I feel like solution 2 is a python wrapper for Hadoop client, while solution 1 is a pure java solution, right? I feel like solution 1 could be more generic, what do you think?

According to my understanding and research, solution 2 reuses the capabilities of PyArrow.HadoopFileSystem, and its calling process is PyArrow.HadoopFileSystem -> libhdfs.so -> GVFS. In solution 1, I think that what we need to do is another FileSystem similar to PyArrow.HadoopFileSystem, such as PyArrow.GravitinoFileSystem. If we need to access HDFS in PyArrow.GravitinoFileSystem, we still need the Hadoop environment in the Python environment. So we still need to go through the process of PyArrow.GravitinoFileSystem -> libhdfs.so -> GVFS.

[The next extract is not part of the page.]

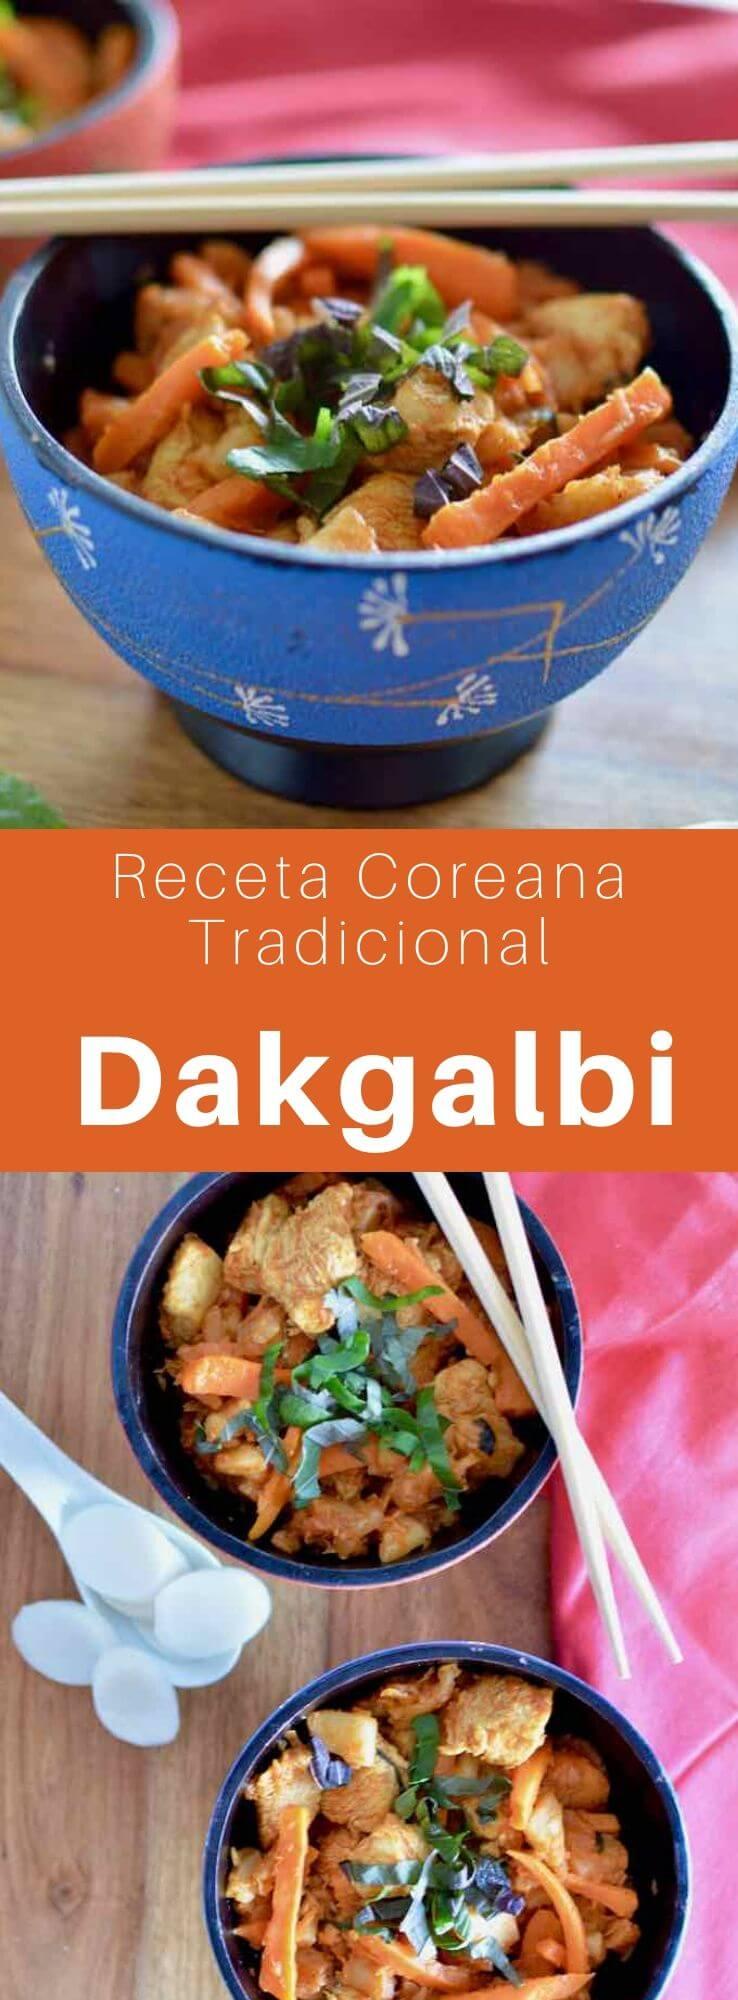 El dak galbi o dakgalbi (닭 갈비), es un plato coreano que contiene pollo picante salteado en una salsa de gochujang, con batata, col, hojas de shiso, cebollas verdes, tteok y otros ingredientes.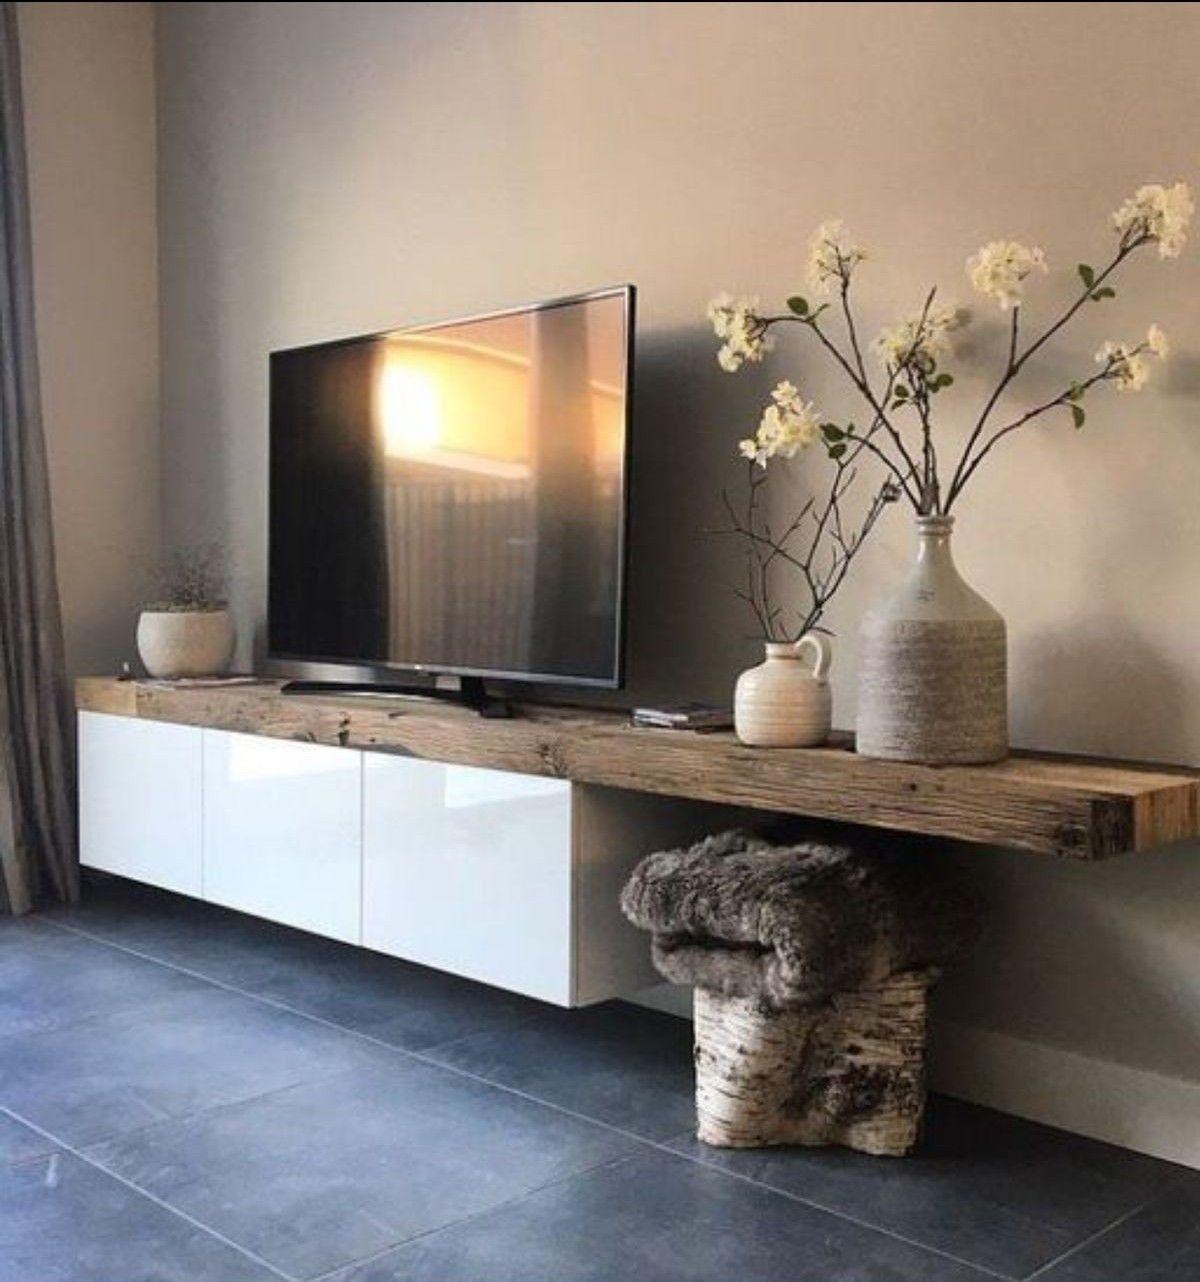 Salon salle à manger décoration maison salon maison mobilier de salon intérieur naturel

xloya avatar May 21 '24 10:05 xloya

I feel like solution 2 is a python wrapper for Hadoop client, while solution 1 is a pure java solution, right? I feel like solution 1 could be more generic, what do you think?

According to my understanding and research, solution 2 reuses the capabilities of PyArrow.HadoopFileSystem, and its calling process is PyArrow.HadoopFileSystem -> libhdfs.so -> GVFS. In solution 1, I think that what we need to do is another FileSystem similar to PyArrow.HadoopFileSystem, such as PyArrow.GravitinoFileSystem. If we need to access HDFS in PyArrow.GravitinoFileSystem, we still need the Hadoop environment in the Python environment. So we still need to go through the process of PyArrow.GravitinoFileSystem -> libhdfs.so -> GVFS.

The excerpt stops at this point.